Could we have done better? Yes, the answer is we could have done better. If the investor loses, do we feel nice as an industry? The answer is no. We always want investors to get better returns. It is human psyche that one always tries to see what has happened in the immediate past. However, the investors are still coming in spite of all this noise. But, it is also important to highlight that it is not like we have not done anything good for the industry. We have created a lot of wealth for investors over the last 20 years. As long as we learn and don’t repeat the same mistakes, we are all doing a good job.
How do you expand the base, penetrate rural India?
Ashwani Bhatia: There is no doubt that the opportunities are there. We as a fund house have just penetrated 1.5 per cent, so the potential is huge. If you go to the smaller towns, they do want to experiment. We are seeing traction, we are seeing growth. Whether it is State Bank of India’s zonal offices or regional offices, everyone is going to contribute. When we meet here next year, you will also be surprised by the set of returns.
What’s your view on the state of the industry and is there a need to restore investor confidence?
A Balasubramanian: The mutual fund industry has gone through many ups and downs. After every bad period and downturn, it has come back. Regulators have stepped in to make the system stronger. That is how the industry has evolved. In 2013 when D Subbarao was the Reserve Bank of India (RBI) governor, he increased the rates and also the corridor for liquidity adjustment facility. This created a panic in the market. The RBI measures pushed rates on short-term money market instruments prompting redemption in short-term debt fund schemes. For the first time in the industry’s history, liquid funds gave a negative return as the net asset value (NAV) fell by one per cent on an average.

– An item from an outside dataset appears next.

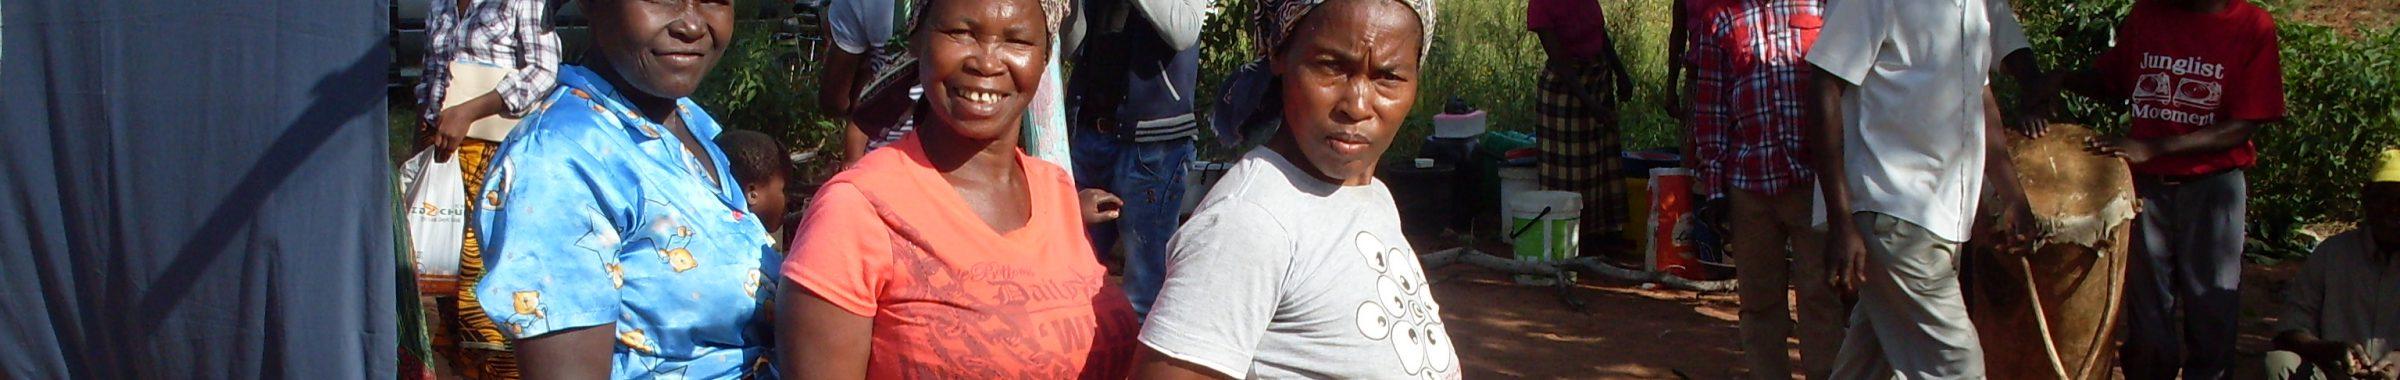 Strijd tegen kindhuwelijken in Mozambique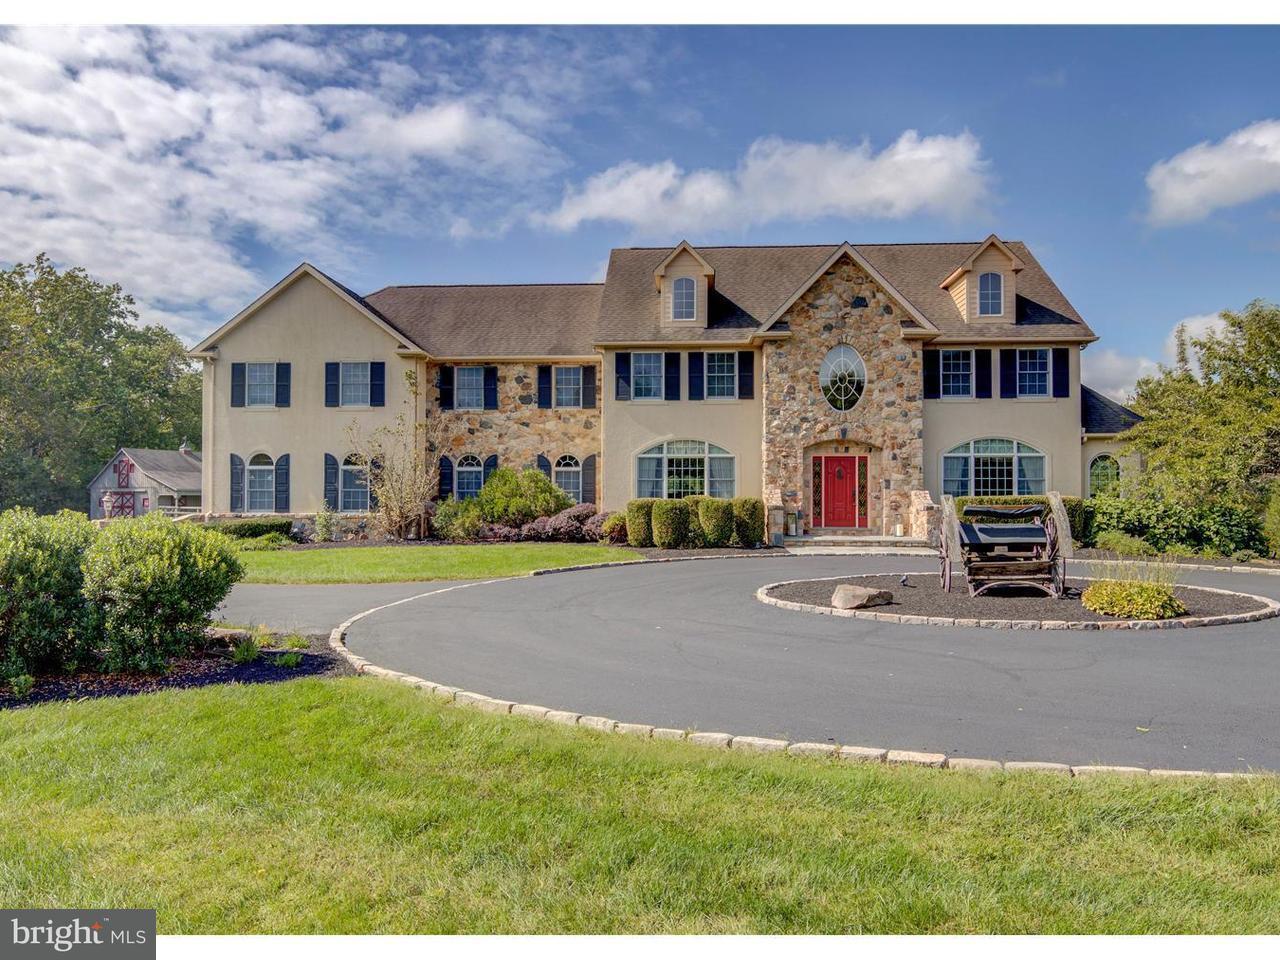 Частный односемейный дом для того Продажа на 104 SAWMILL Road Landenberg, Пенсильвания 19350 Соединенные Штаты

People started calculating backwards on an accrual basis and concluded that they would recover the loss in 30 days, and that while it was bad for a day, the situation would improve soon. Similarly, even now it’s evolving as we move forward. It is still only 2.2 per cent of the unique investors who invest in mutual funds.
Even if we look at 30 per cent of the households, we have a long way to go. The problem we are witnessing in the mutual fund industry is related to the overall financial system and in that respect it is rather small.
Nimesh Shah: One particular exposure (Infrastructure Leasing & Financial Services) had Rs 90,000 crore of liability, and the AAA-rated paper became D. Mutual fund industry is valuing its portfolio at 25 per cent on this exposure. Across the industry, the valuation is either zero or 25 per cent. So, only Rs 4,000 crore (the mutual fund industry exposure) of the Rs 90,000 crore, is marked-to-market. How have other institutions (banks, insurance, provident funds) valued the rest of the Rs 86,000 crore? We are the only industry which has marked to market this exposure. All the noise of the media is on this portion, which is marked to market. However, that is the strength of the mutual fund industry, the way it is regulated, the way it is transparent. Our NAV reflects the value of the investments. As Bala said, we are proud that we gave negative returns four years ago, for a day.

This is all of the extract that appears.